Now if you are given a principal $G$-bundle $p:P\rightarrow X$ over a suitable space $X$ for some topological group $G$, and a representation $\rho:G\rightarrow U(n)$ then you can form the associated vector bundle $P\times_\rho\mathbb{C}^n\rightarrow X$ with total space

$P\times_\rho\mathbb{C}^n=P\times \mathbb{C}^n/[(e,v)\sim(eg,\rho(g)^{-1}v)]$

where $e\in P$, $v\in\mathbb{C}^n$ and $g\in G$. You can now ask for characteristic classes of this vector bundle, and in particular its Chern classes (and there are an infinte number of Chern classes, not just two).

Note that the Chern classes of this bundle are not the characteristic classes of the principal bundle $P$, but are the characteristic classes of some principal $U(n)$-bundle $Q\rightarrow X$ that admits a $(G,\rho)$-reduction of structure to $P$.

The principal bundle $P$ will have its own set of characteristic classes deriving from the cohomology of the classifying space $BG$ of $G$.

Note in particular that the vector bundle $P\times_\rho\mathbb{C}^n$ is not the adjoint bundle $ad(P)$, which is another vector bundle whose characteristic classes have even less to do with those of $P$. Consider for instance the canonical line bundle $\eta$ over $\mathbb{C}P^1=S^2$. Since $U(1)$ is abelian we have that $ad(\eta)\cong S^2\times \mathbb{R}$ is trivial (recall that the Lie algebra of $U(1)$ is $i\mathbb{R}$). However $\eta$ itself is not trivial and is in fact associated to the Hopf $S^1$-bundle $S^3\rightarrow S^2$ which has first Chern class $1\in H^2(S^2)$.

In summary it makes equal sense to ask for the characteristic classes of a principal bundle or the characteristic classes of a vector bundle with structure group $G$ if the representation $\rho$ is understood.

As for the second question, instantons cannot have a Chern class. Instantons are generally understood as certain field configurations. Given for instance as a suitable connection on a principal of vector bundle. I think what you are referring to is the instanton charge, which in the case above is defined to be the Chern class of the bundle to which the instanton is related. As I understand it a $U(1)$-instanton can not have non-zero second Chern class. It can have non-zero first Chern class. In fact for rank $N=1$ we have $c_1=n$ and $c_2=0$.

*Edit: Added to clarify comments.

I wasn't quite clear above. In the following I'll limit attention of $U(n)$-bundles. There is a one-to-one correspondence between (complex) vector bundles over $X$ and $U(n)$-bundles over $X$. This happens in one direction through the construction I gave above, and in the other by taking the frame bundle of a given vector bundle.

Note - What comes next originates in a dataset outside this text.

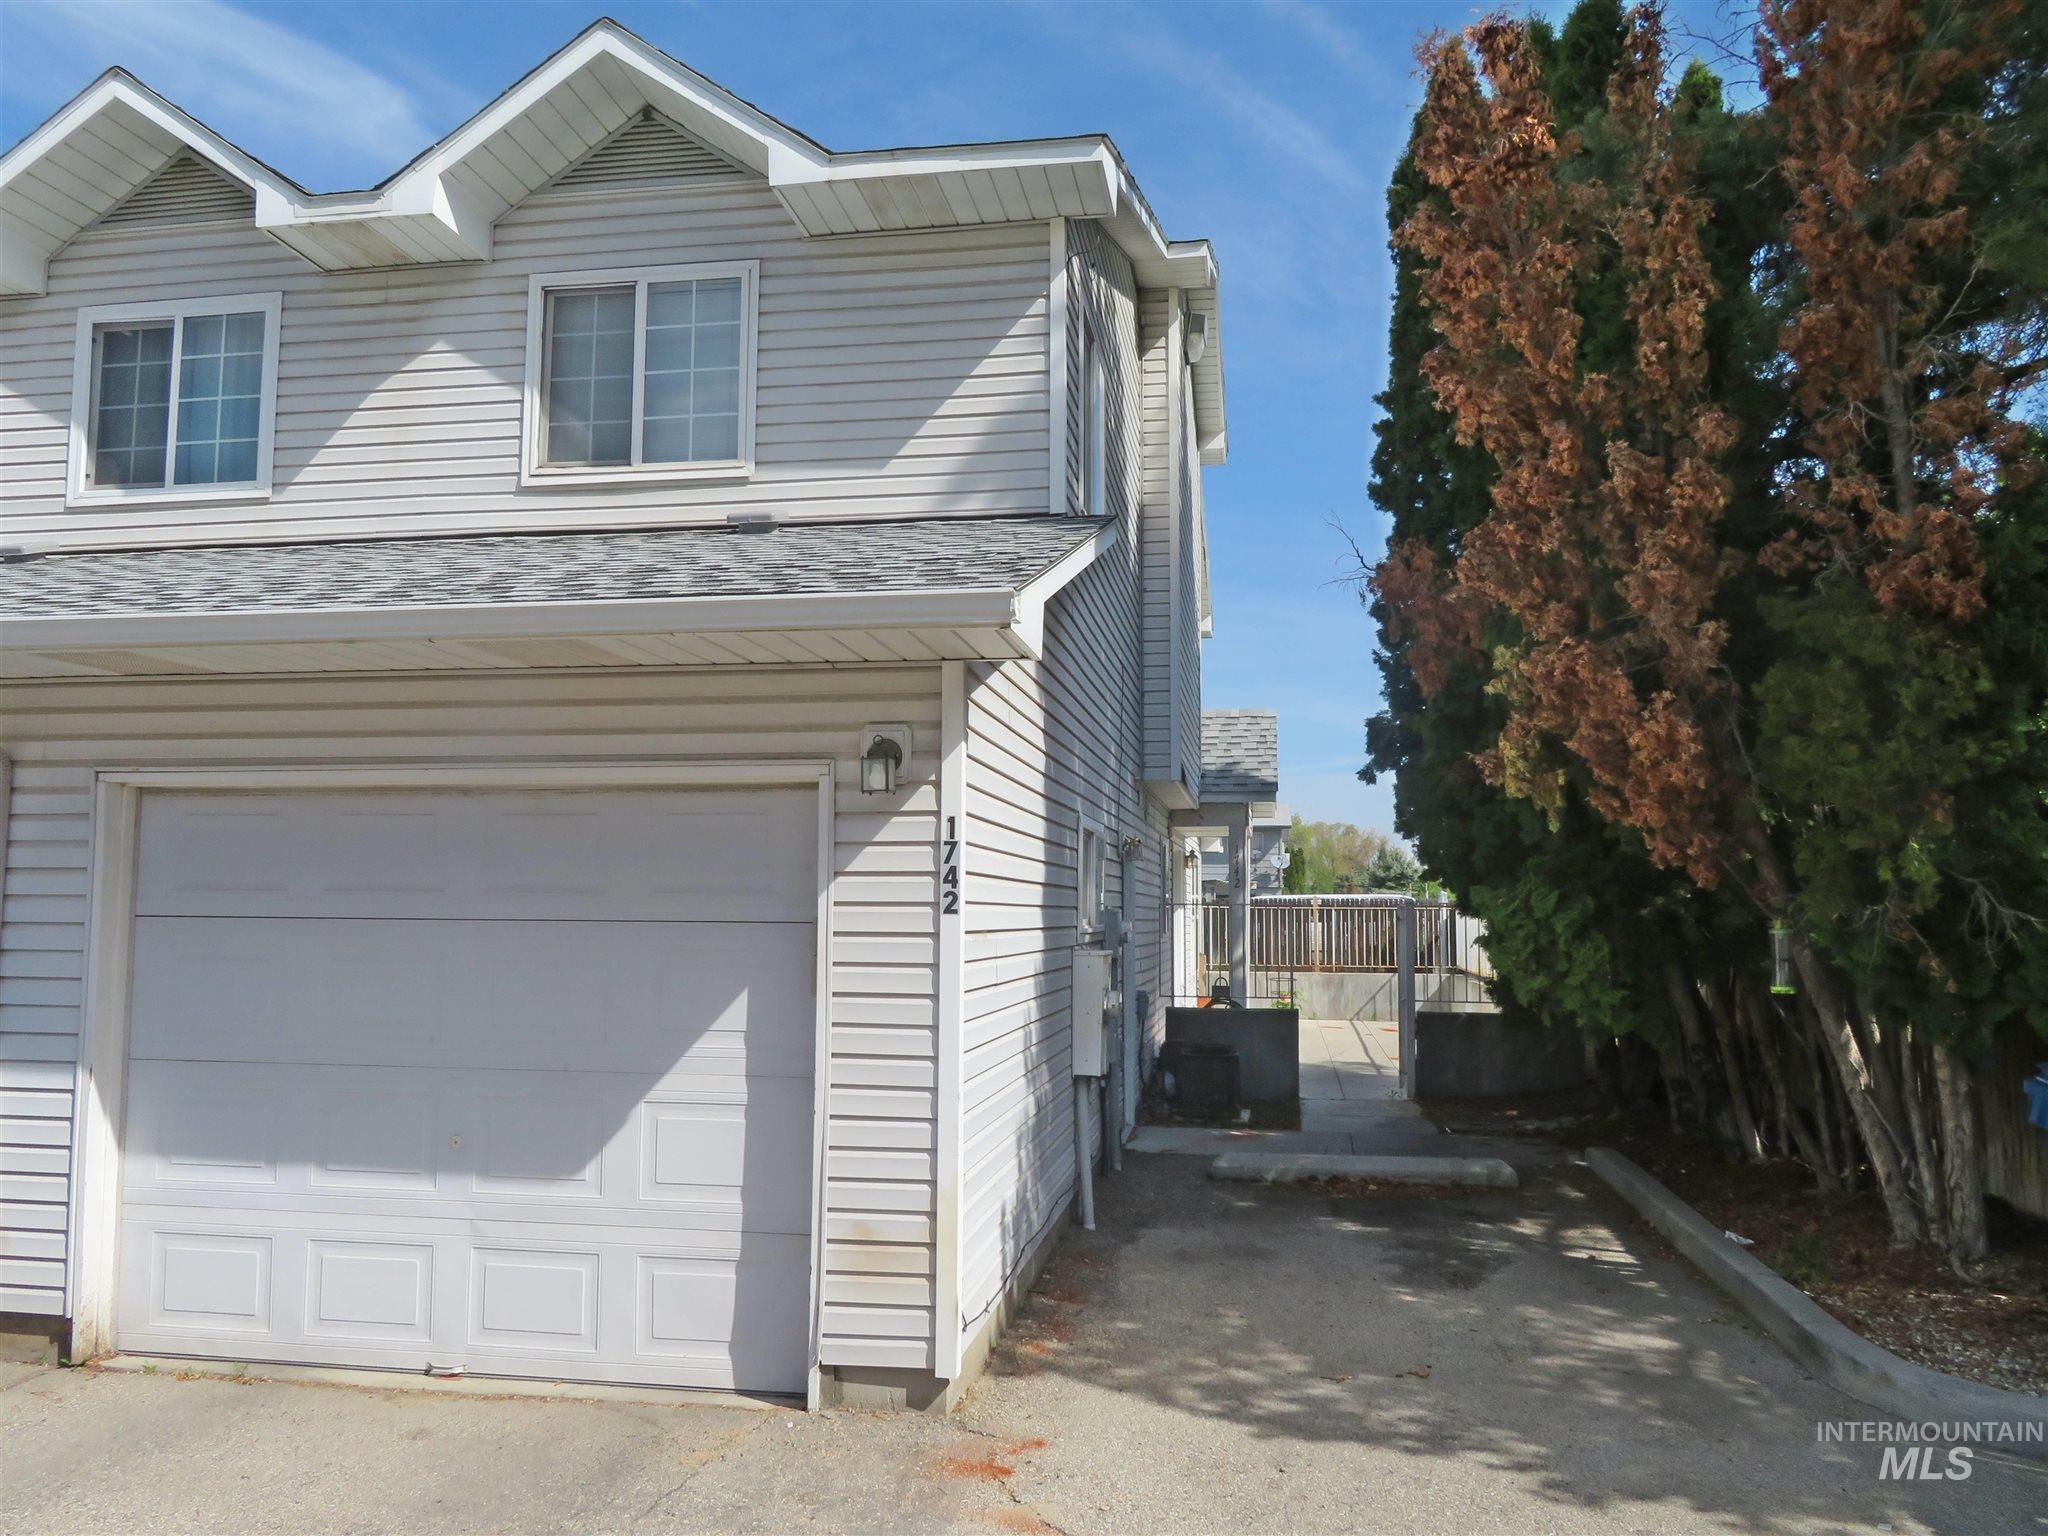 1742 S Juniper Property Photo - Nampa, ID real estate listing

Thus, given a complex vector bundle $E\rightarrow X$ of rank $n$ we have a principal $U(n)$-bundle $Fr(E)\rightarrow X$ and an isomorphism of vector bundles $Fr(E)\times_{U(n)}\mathbb{C}^n\cong E$ over $X$. We can then take a connection on either bundle and ask for the Chern classes it gives. To see that the classes defined by each are the same recall firstly that a connection on a principal bundle induces one on any associated bundle. So a connection $A$ on the principal bundle $Fr(E)$ induces one, $\nabla_A$, on the vector bundle $Fr(E)\times_{U(n)}\mathbb{C}^n\cong E$. Moreover it is seen that both connections $A$ and $\nabla_A$ yield identical curvature 2-forms. Thus

$c_i(E)^{\nabla_A}=c_i(Fr(E))^A\in H^*(X)$

where we add a superscript to denote which connection we use to define the classes.

Now recall that the Chern classes are independent of the choice of connection. It follows that any other connection $A'$ on $Fr(E)$ yields identical Chern classes

$c_i(Fr(E))^A=c_i(Fr(E))^{A'}\in H^*(X)$.

By the same reasoning any other connection $\nabla'$ on your original vector bundle $E$ yields identical Chern classes

$c_i(E)^{\nabla'}=c_i(E)^{\nabla_A}\in H^*(X)$.

The point is that it doesn't matter which bundle $E$ or $Fr(E)$ we use to define the Chern classes: they are the same. The one-to-one correspondence between vector bundles and principal bundles carries over to their characteristic classes and you can consider the Chern classes to 'belong' to either bundle.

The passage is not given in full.